From Anger To Participation: Enough is Enough (EiE) Nigeria’s First Five Years

Things happened really fast. Social Media rants. eMails. Calls. Meetings. It was all for one reason: halting Nigeria’s gradual slide into another one of its numerous lows. The anger was real, and the fact that a “cabal” was accused of being in charge of the nation’s administration, instead of elected officials, further angered citizens. Yet, in the midst of all the citizen reaction, there was a central question: where are the young (wo)men who make up majority of the country’s population.

On March 8, 2010, enoughisenoughnigeria.com was registered. By the next day, messages rolled out from the official eMail address of what had become a movement of young professionals who were not going to look the other way because of their own individual comfort zones. “March 16 is the date when young Nigerians get angry!” was the subject of the eMail that touched on the power vacuum created by the president’s illness, the nation’s electricity woes, fuel scarcity, and announced a rally by young professionals, celebrities, media, students and activists.

In Abuja, and in Lagos, we used technology to keep the eyes of the world on protests that registered the anger of young Nigerians, and that called for a better country. When the Vice President was eventually announced as Acting President, demonstrating that Nigeria had at least been rescued from illegal administrators, it was clear that what had become a movement of angry young Nigerians needed to find a way to channel that energy towards the real work of good governance.

A decision was made to set up an organisation, aptly named Enough is Enough (EiE) Nigeria. The slogan, “enough is enough!”, was borrowed from earlier protests by the Save Nigeria Group but it stuck as a valid expression of our anger and stayed on as the organisation’s name. An inaugural “board” was set up and a number of participating individuals signed up their respective organisations as founding EiE coalition members. We had moved from chanting “our mumu don do” to working towards ensuring free and fair elections in 2011. Since technology was extremely useful for the cause of protests, it was only natural we opted for the same platform as we planned our engagement for the elections.

It was at one of those evening meetings that the RSVP slogan was first suggested. Register. Select. Vote. Protect. Once it was shared via BBM, no one could argue with the fact that we had found the right slogan that would inform the various aspects of our work as an organisation that had a self-imposed mandate of ensuring free and fair elections in Nigeria, using technology. The highly controversial 2007 elections presented a gloomy picture we didn’t want to see a repeat of, and the heavy use of technology by the Barack Obama campaign in 2008 presented something close to what we though technology could do for Nigeria’s elections.

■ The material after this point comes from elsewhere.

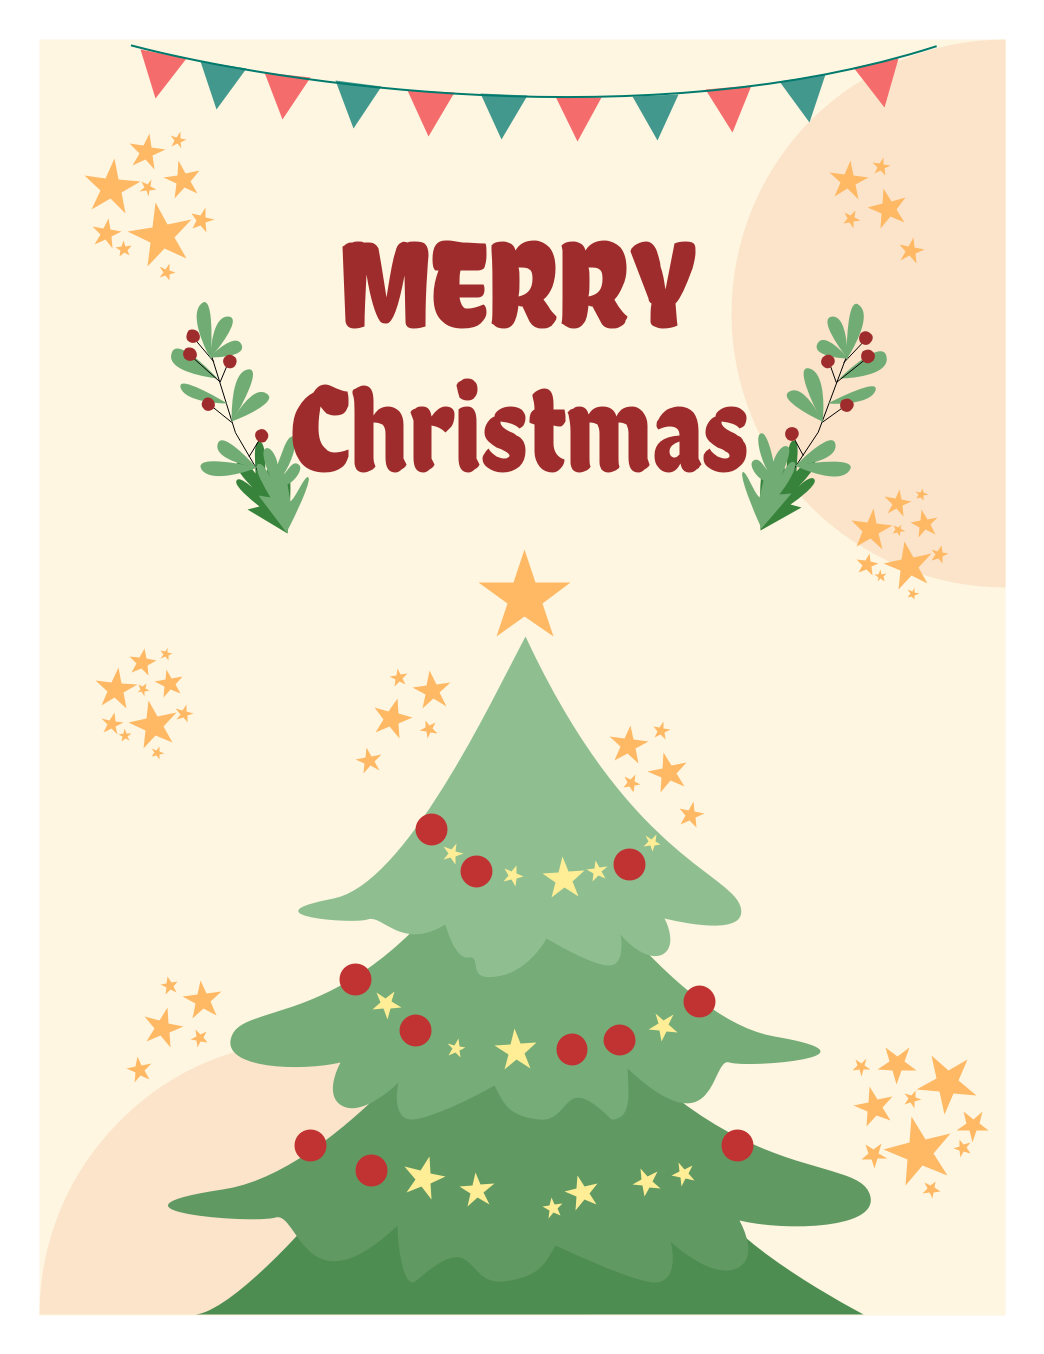 Beautiful Christmas Card Template Template Christmas Tree Cards Christmas Card Template Beautiful Christmas Cards

From rallies, we moved on to Town Hall Meetings. As plans continued towards the 2011 elections, a group of technology experts gathered in a room in Lagos for 2 days, and came up with what was then built upon to become EiE’s tool for decentralised citizen election monitoring opportunity in Nigeria – ReVoDa. With the mobile app on just over 2,000 mobile phones spread across 35 states (no one registered on the ReVoDa network from Bayelsa) and the Federal Capital Territory, EiE produced daily reports during the 2011 elections. Thanks to simple technologies like SMS, we informed voters of postponed elections, shared updates on incidents and called for calm when reports of violence came through.

It’s now been 5 years since the Enough is Enough Nigeria movement started with the rally in Abuja, and a lot has happened in that time, including the fact that some founding members have become partisan even though the institution itself remains non-partisan so that it can call any government to order. This was why some of us resigned from the board as we approached the 2015 elections. While the last five years were spent moving from anger to structured engagement, the next five might be defined by a new active role that Nigerian citizens must play in order to avoid outsourcing government engagement to activists and a few that are seen as “young leaders”.

As a founding member who had the privilege of leading EiE through various technology initiatives, nothing gives me more joy than seeing that the message that EiE once fought hard to make central is now mainstream. Today, the average Nigerian citizen is more aware of the role we can play in ensuring good governance. It is my hope that over the next 5 years of EiE’s existence, we will see the Office of the Citizen strengthened, and government will become afraid of the people, knowing that every false step or wrong move is one more nail in the coffin of their next electoral ambition. Enough is enough of the obvious disconnect between government inaction and consequence at the polls. Enough is enough.